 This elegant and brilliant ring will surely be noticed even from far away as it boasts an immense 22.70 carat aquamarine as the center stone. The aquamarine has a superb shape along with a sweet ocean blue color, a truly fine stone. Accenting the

* * *

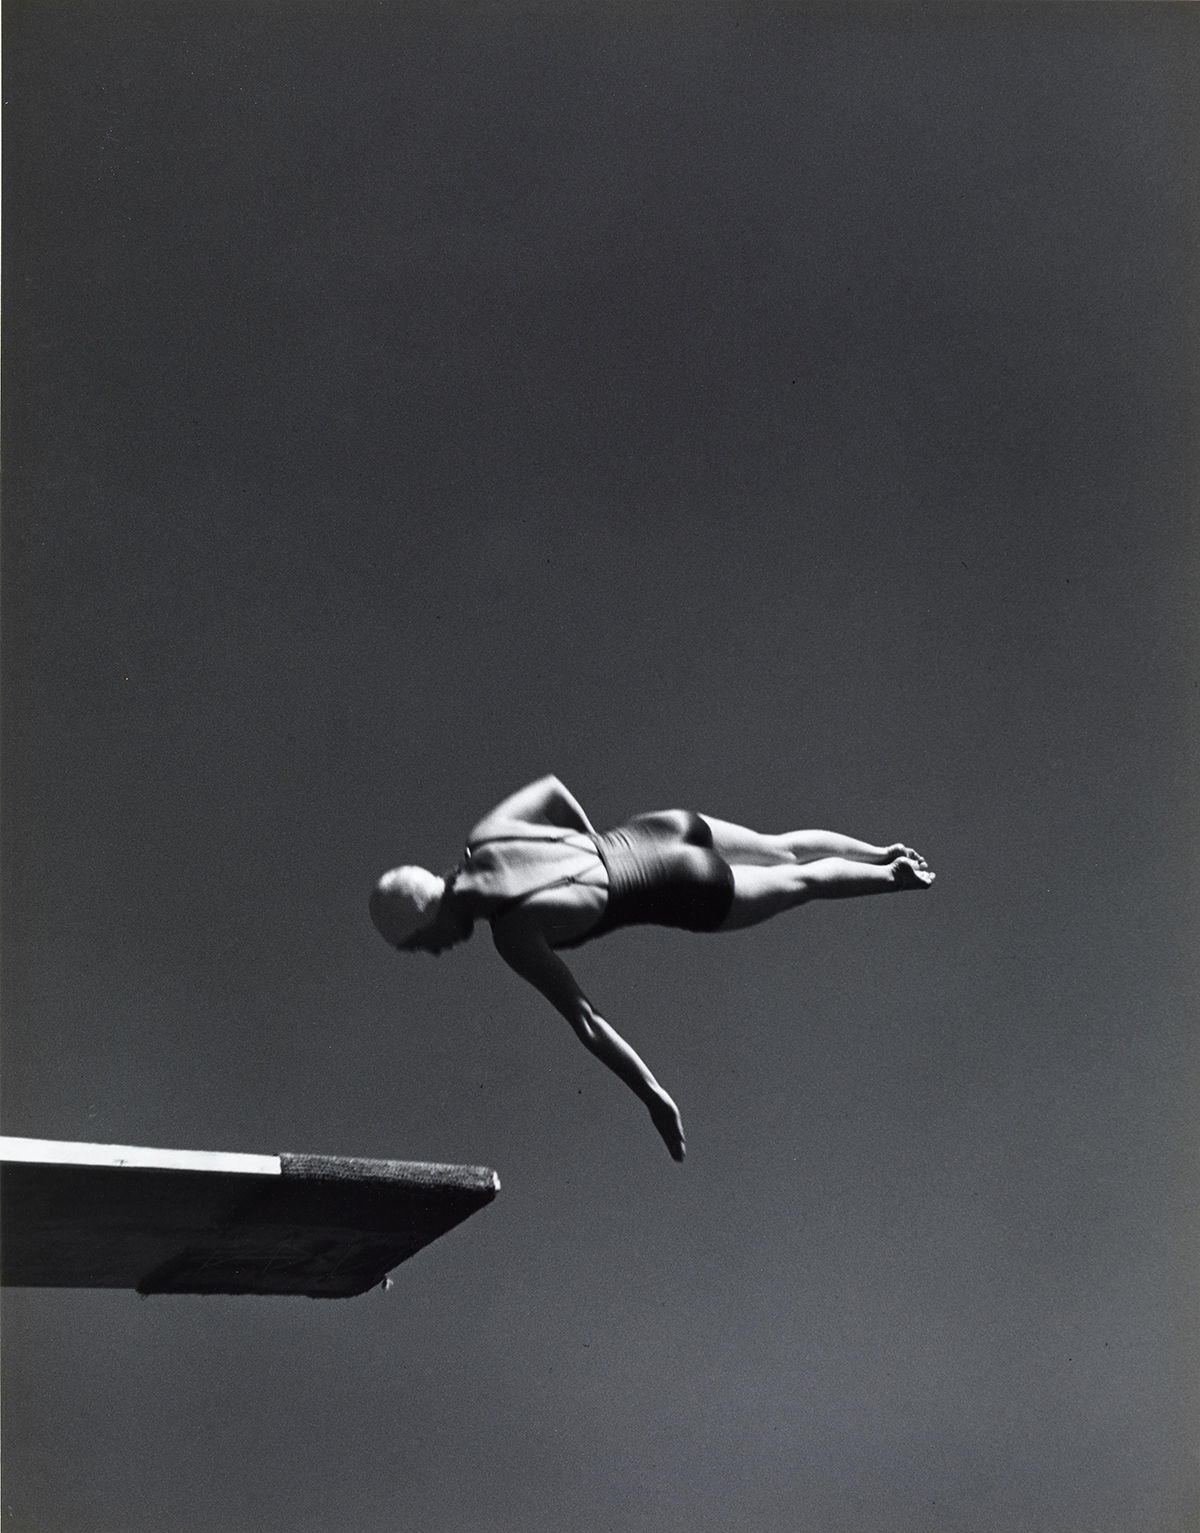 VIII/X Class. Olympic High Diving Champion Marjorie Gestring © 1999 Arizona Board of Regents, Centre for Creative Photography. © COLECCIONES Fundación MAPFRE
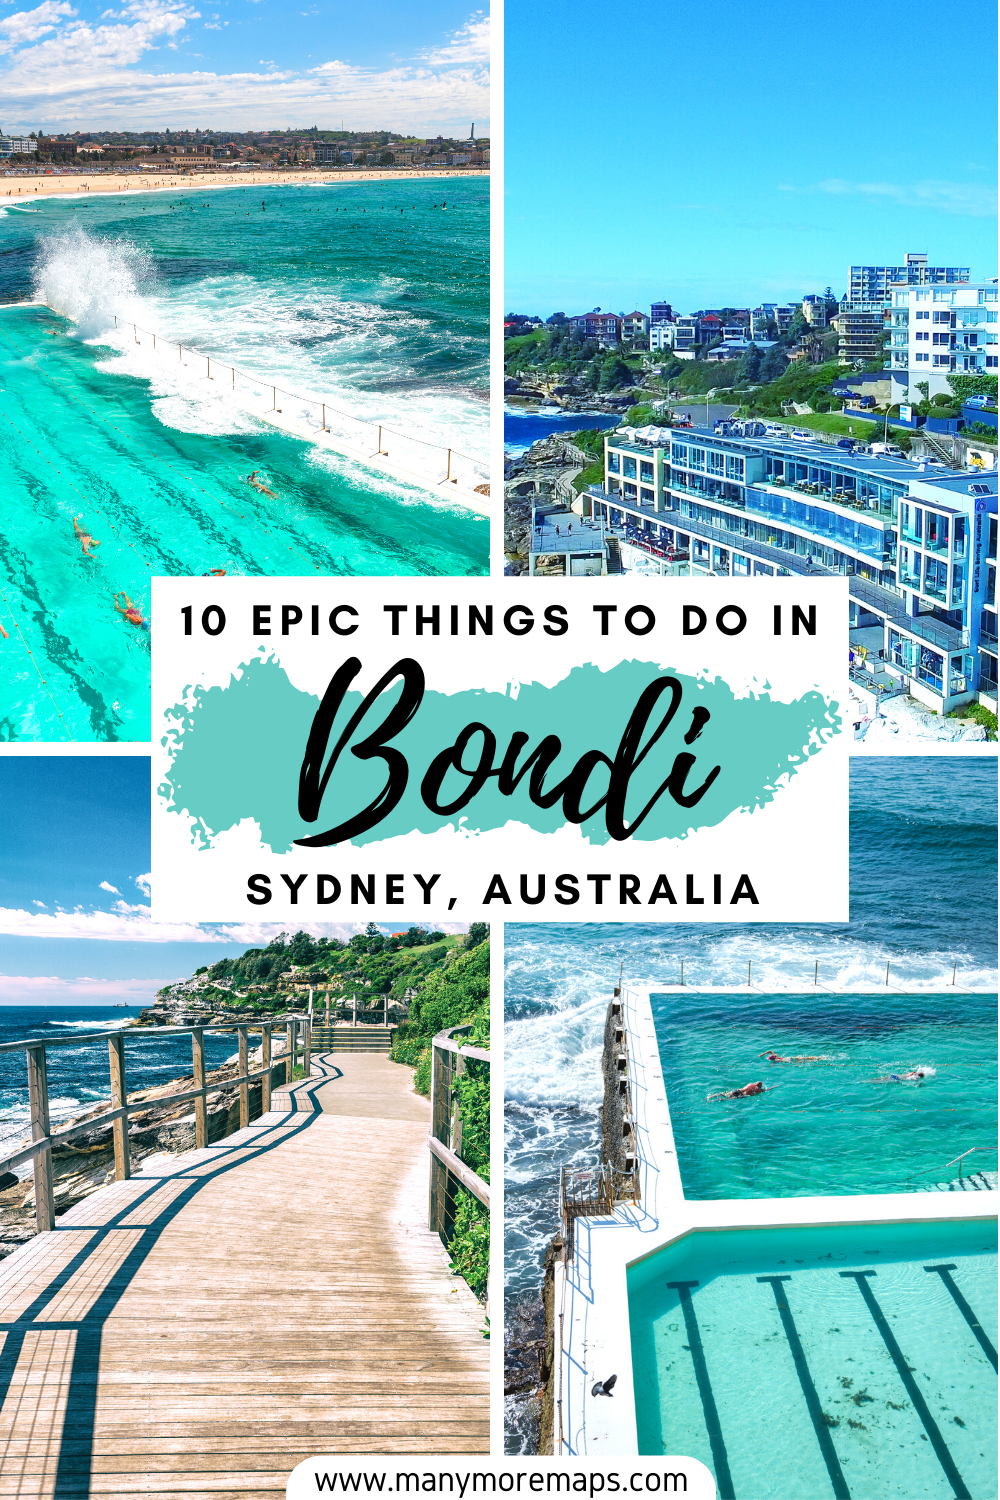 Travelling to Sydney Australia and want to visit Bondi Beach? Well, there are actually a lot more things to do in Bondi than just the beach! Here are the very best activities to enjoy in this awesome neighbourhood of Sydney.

==

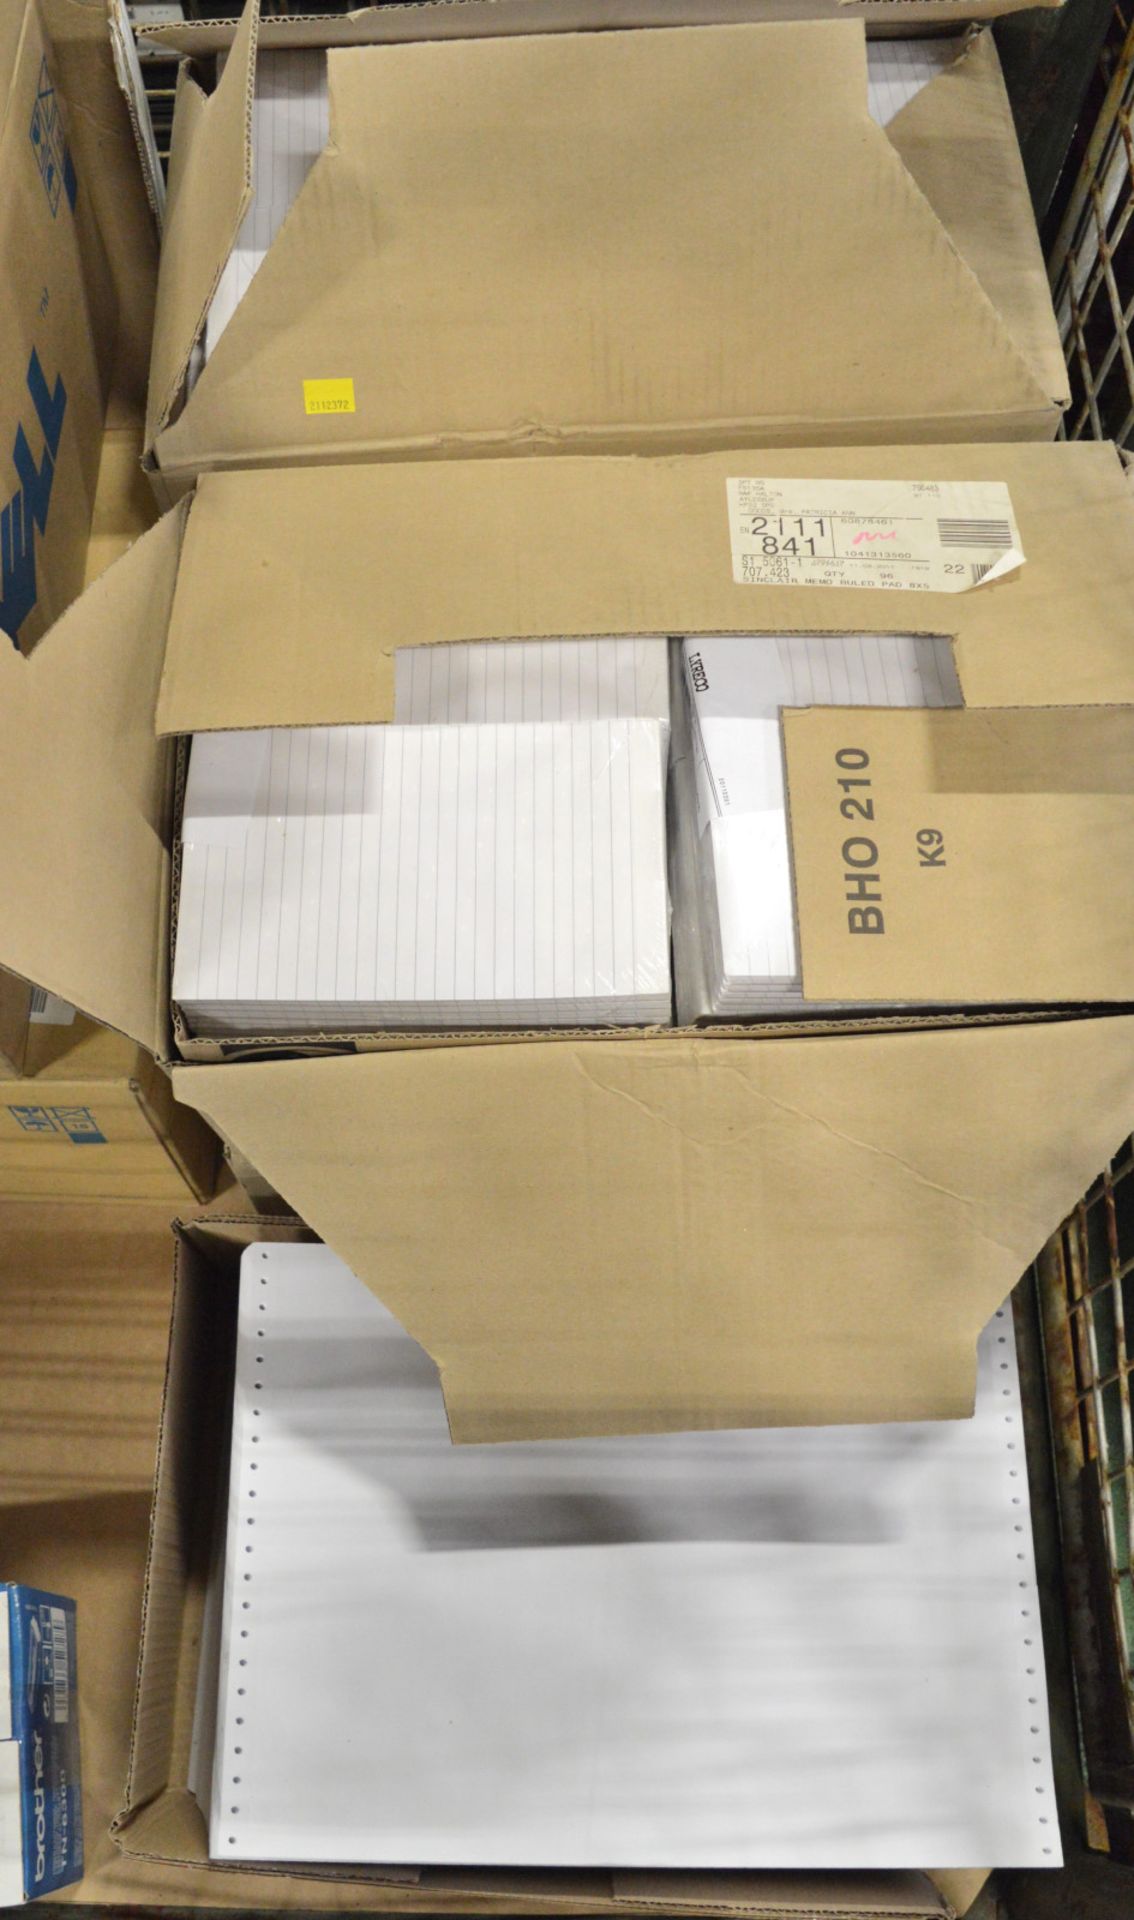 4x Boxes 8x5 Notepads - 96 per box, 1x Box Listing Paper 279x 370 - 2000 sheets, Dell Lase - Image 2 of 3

* Exercise prompt *
Copy out the listing above from the line containing "VIII/X Class. Olympic" to the line containing "Travelling to Sydney", both included, exactly as written and minus the images.

* Answer to this task *
 VIII/X Class. Olympic High Diving Champion Marjorie Gestring © 1999 Arizona Board of Regents, Centre for Creative Photography. © COLECCIONES Fundación MAPFRE
 Travelling to Sydney Australia and want to visit Bondi Beach? Well, there are actually a lot more things to do in Bondi than just the beach! Here are the very best activities to enjoy in this awesome neighbourhood of Sydney.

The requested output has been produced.